## Task data
════

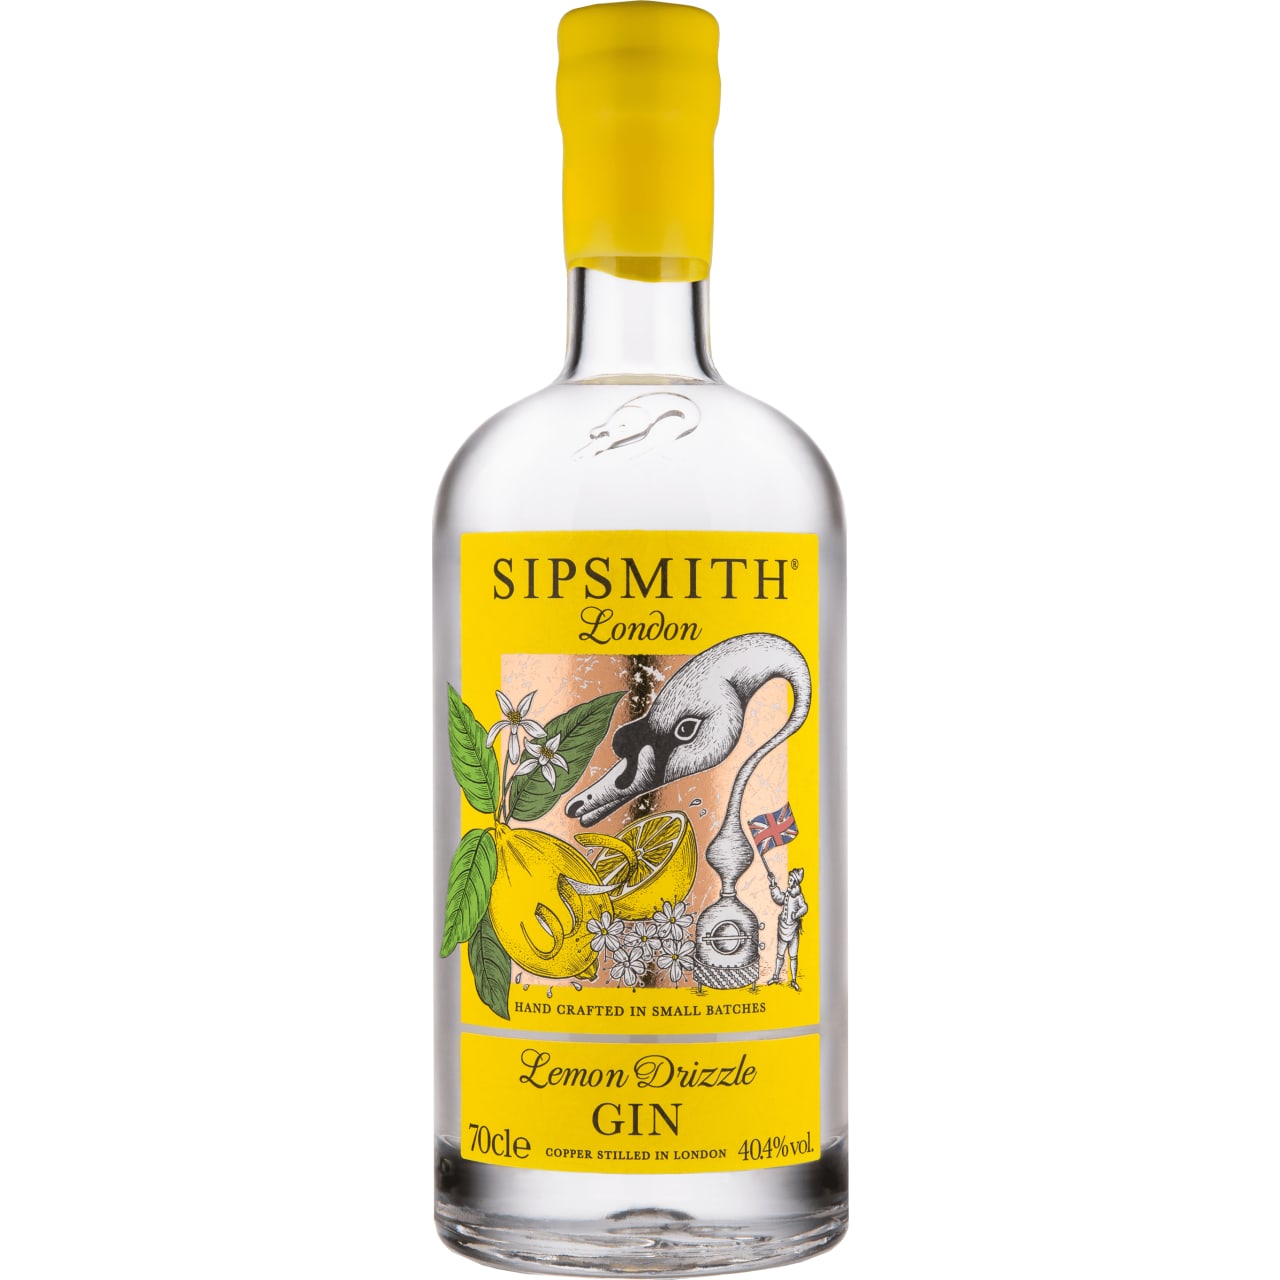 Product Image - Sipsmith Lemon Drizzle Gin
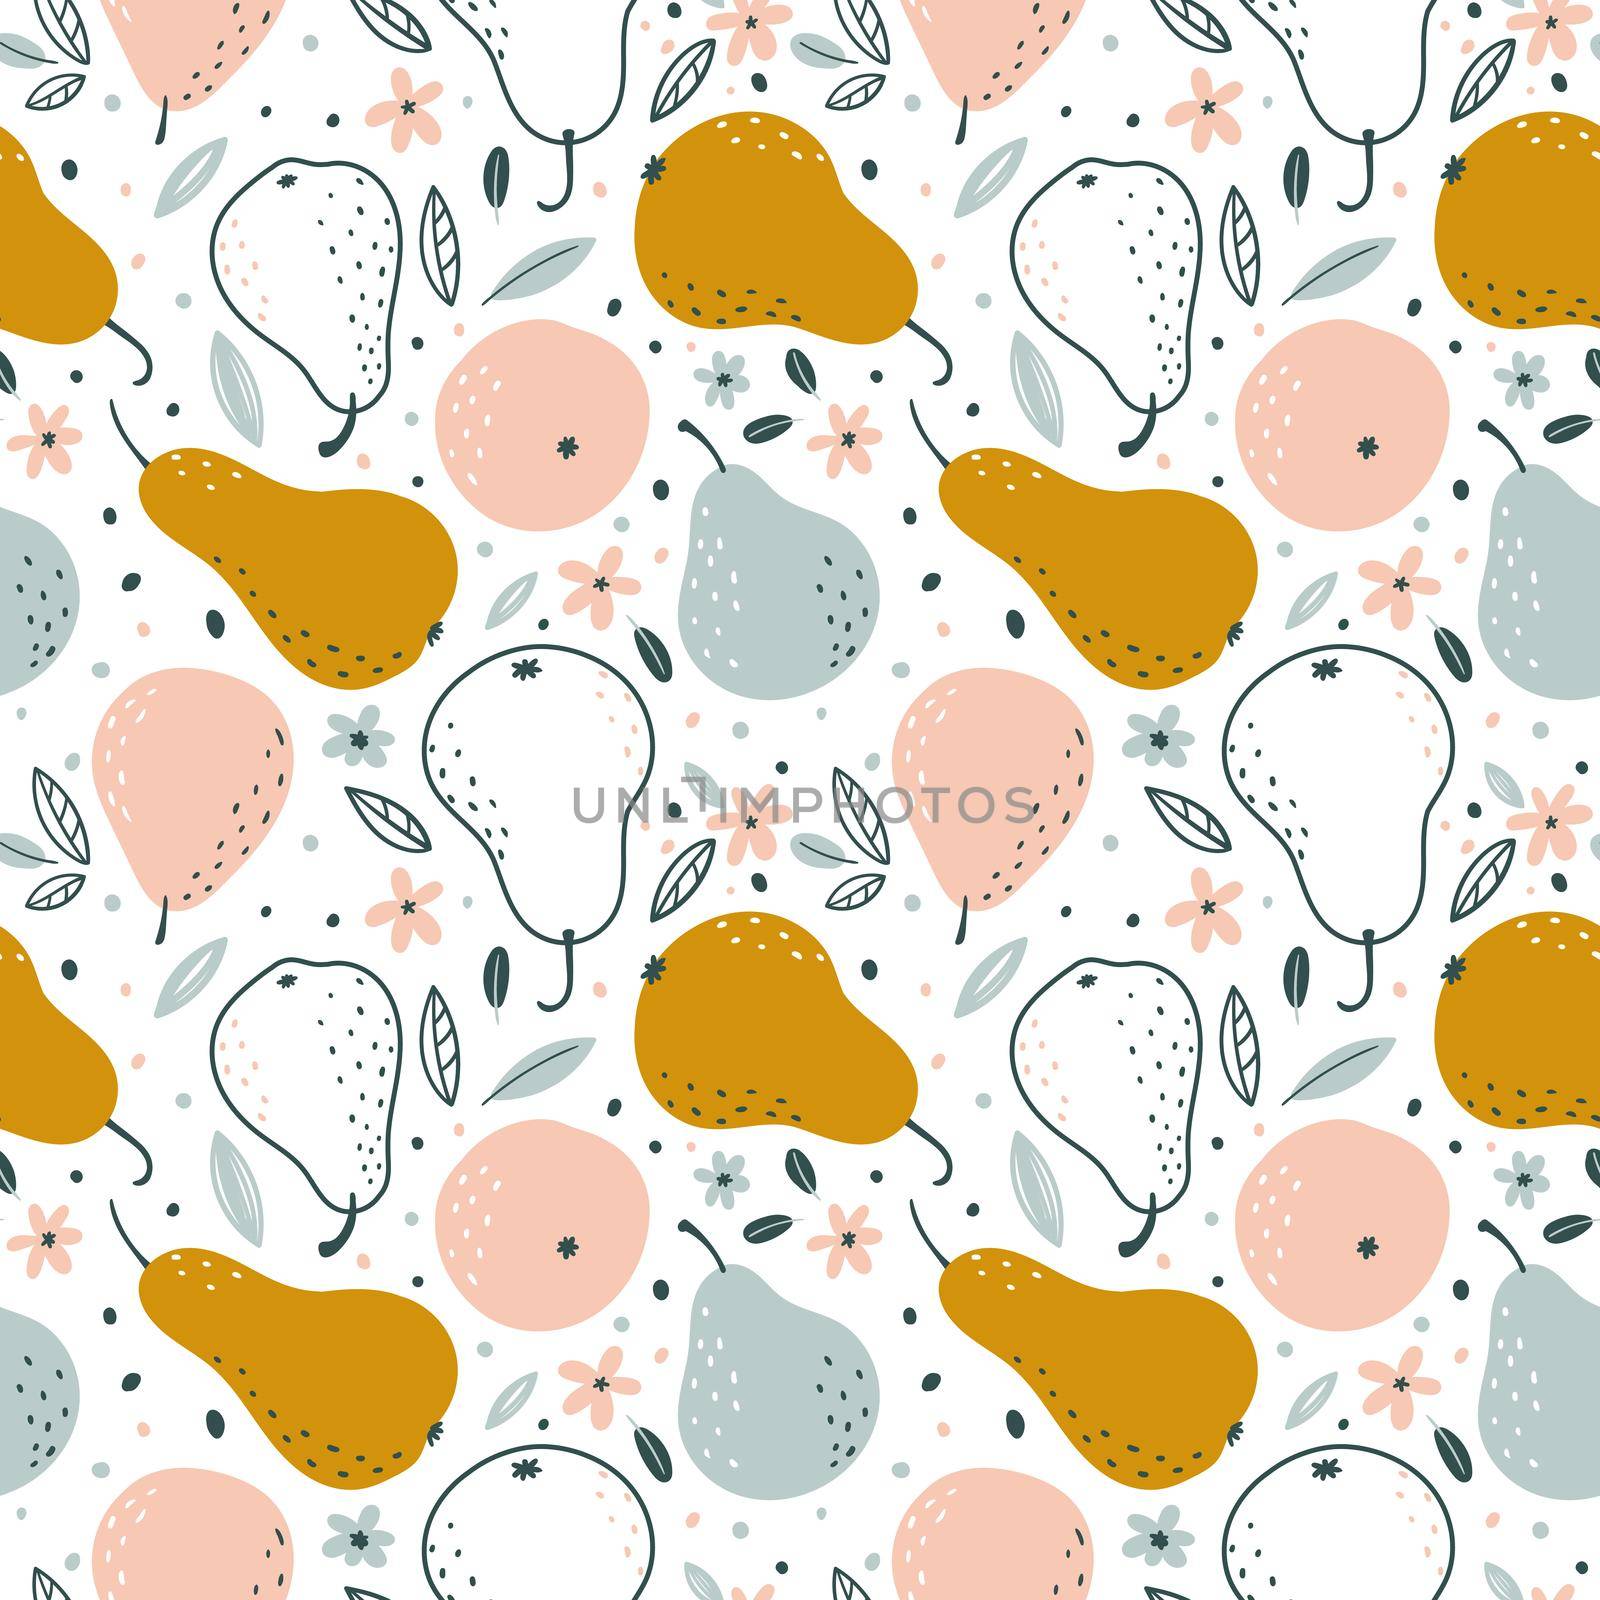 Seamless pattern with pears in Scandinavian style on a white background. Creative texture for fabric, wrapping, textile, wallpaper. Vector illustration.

════

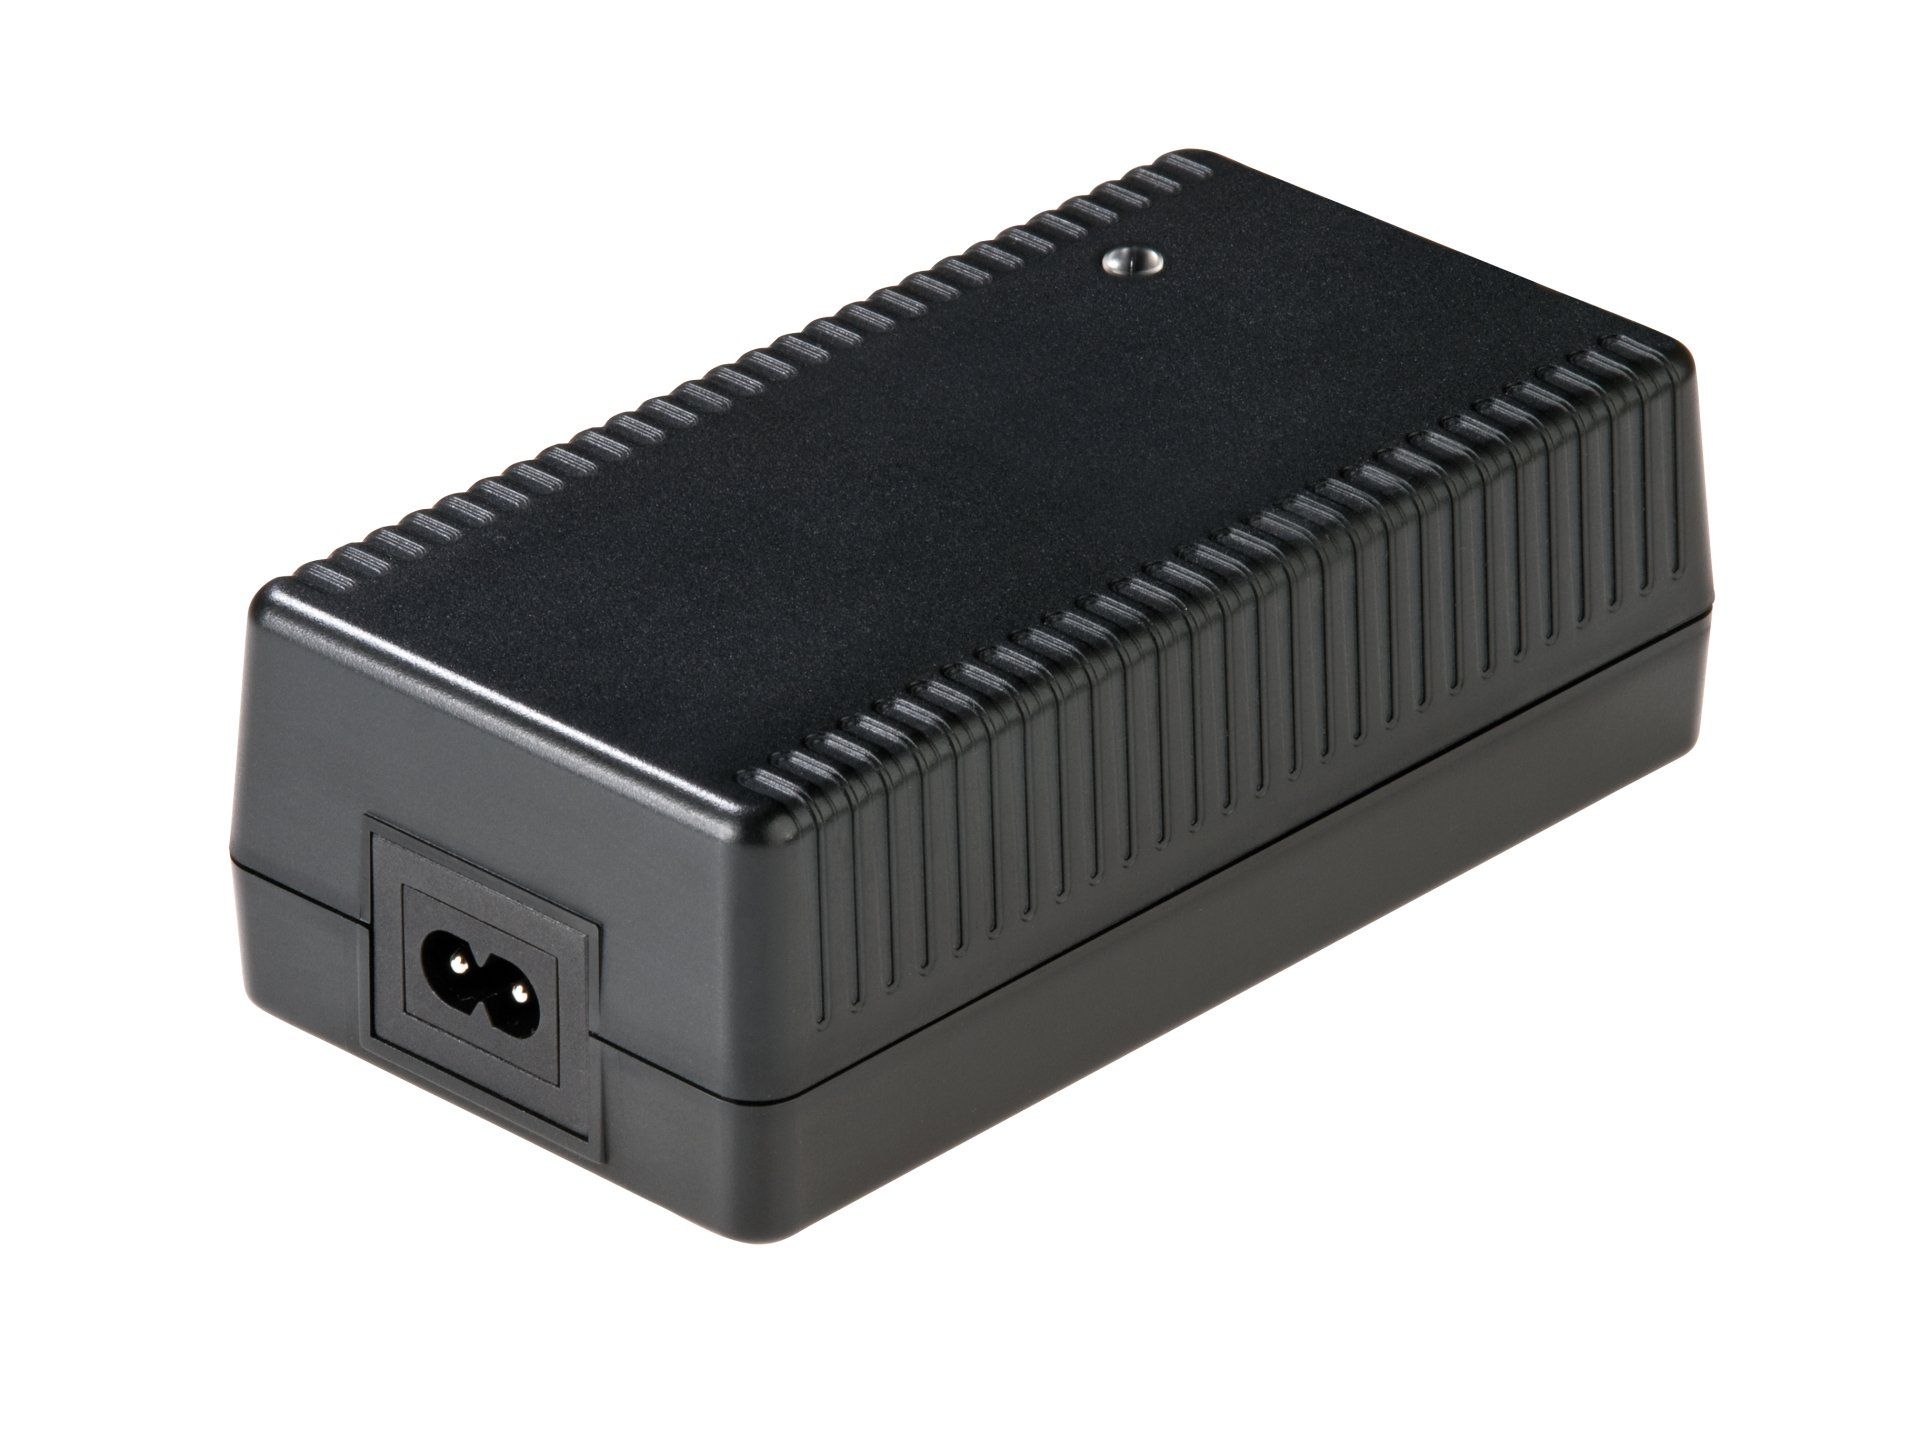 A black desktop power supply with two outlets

════

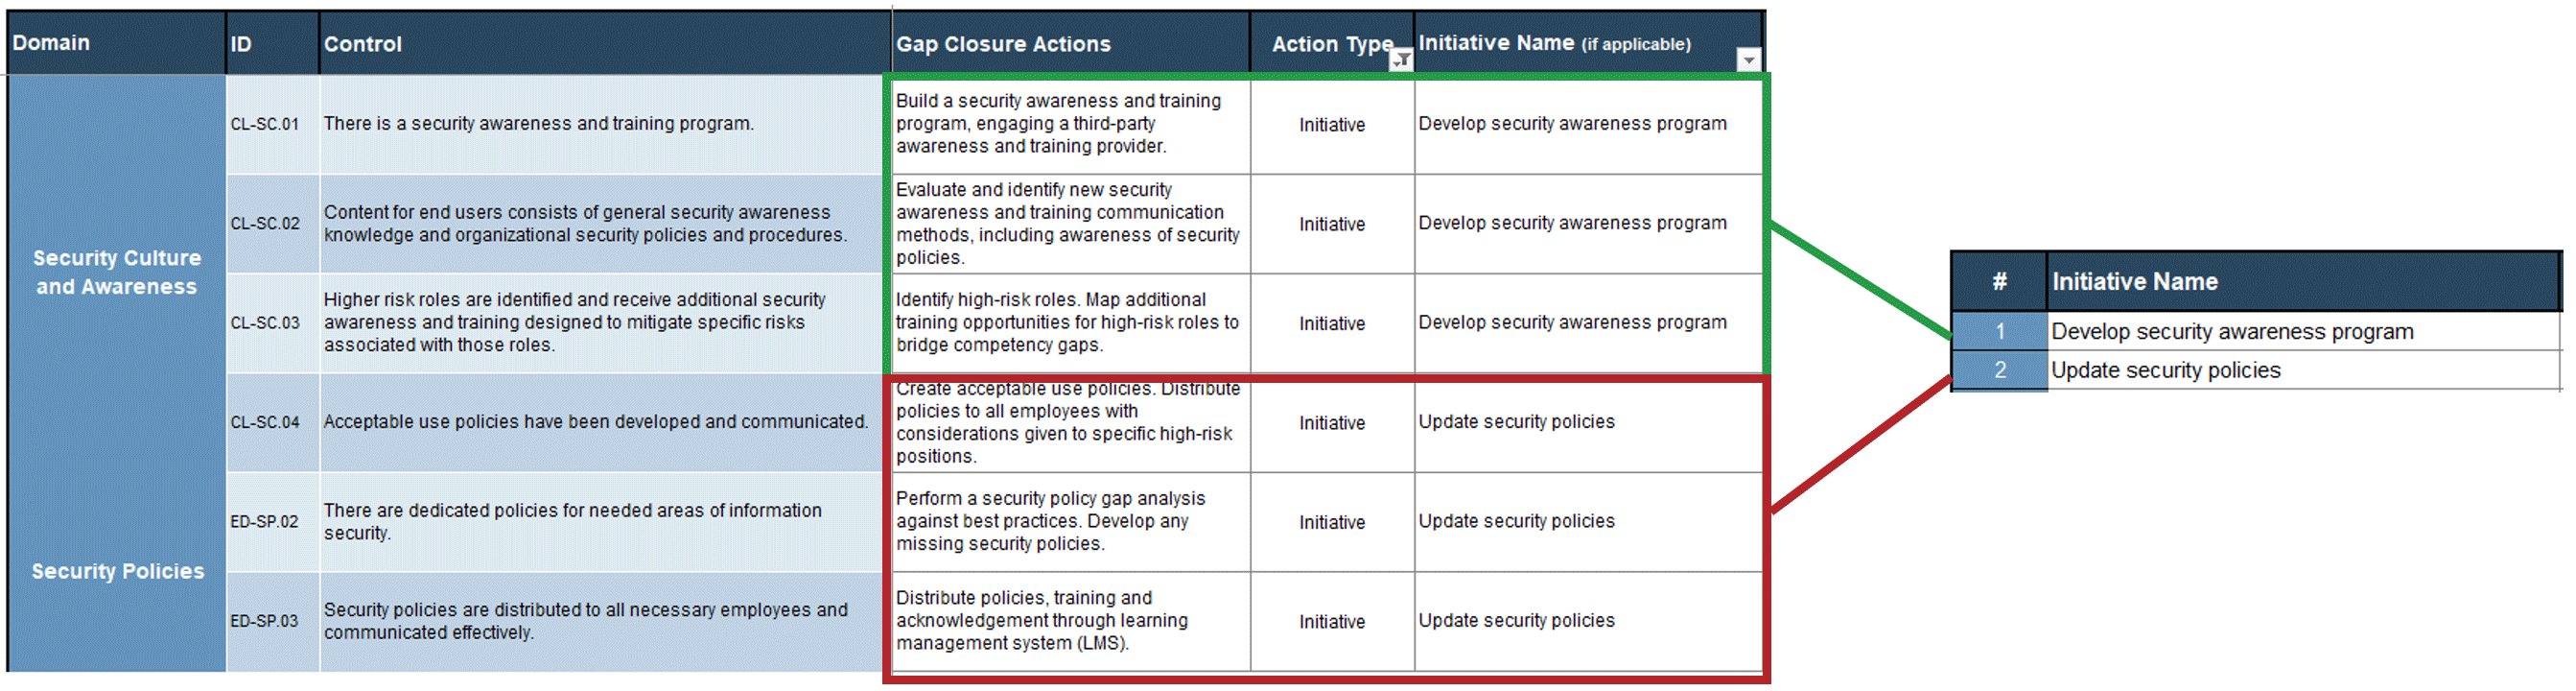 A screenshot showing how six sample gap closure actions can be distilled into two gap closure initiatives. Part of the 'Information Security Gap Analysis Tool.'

════

## Problem details
Look above for the line containing "Product Image - Sipsmith Lemon Drizzle Gin", then copy exactly from it through the line containing "Seamless pattern with", keeping both and leaving out pictures. Add nothing else.

## Answer space
 Product Image - Sipsmith Lemon Drizzle Gin
 Seamless pattern with pears in Scandinavian style on a white background. Creative texture for fabric, wrapping, textile, wallpaper. Vector illustration.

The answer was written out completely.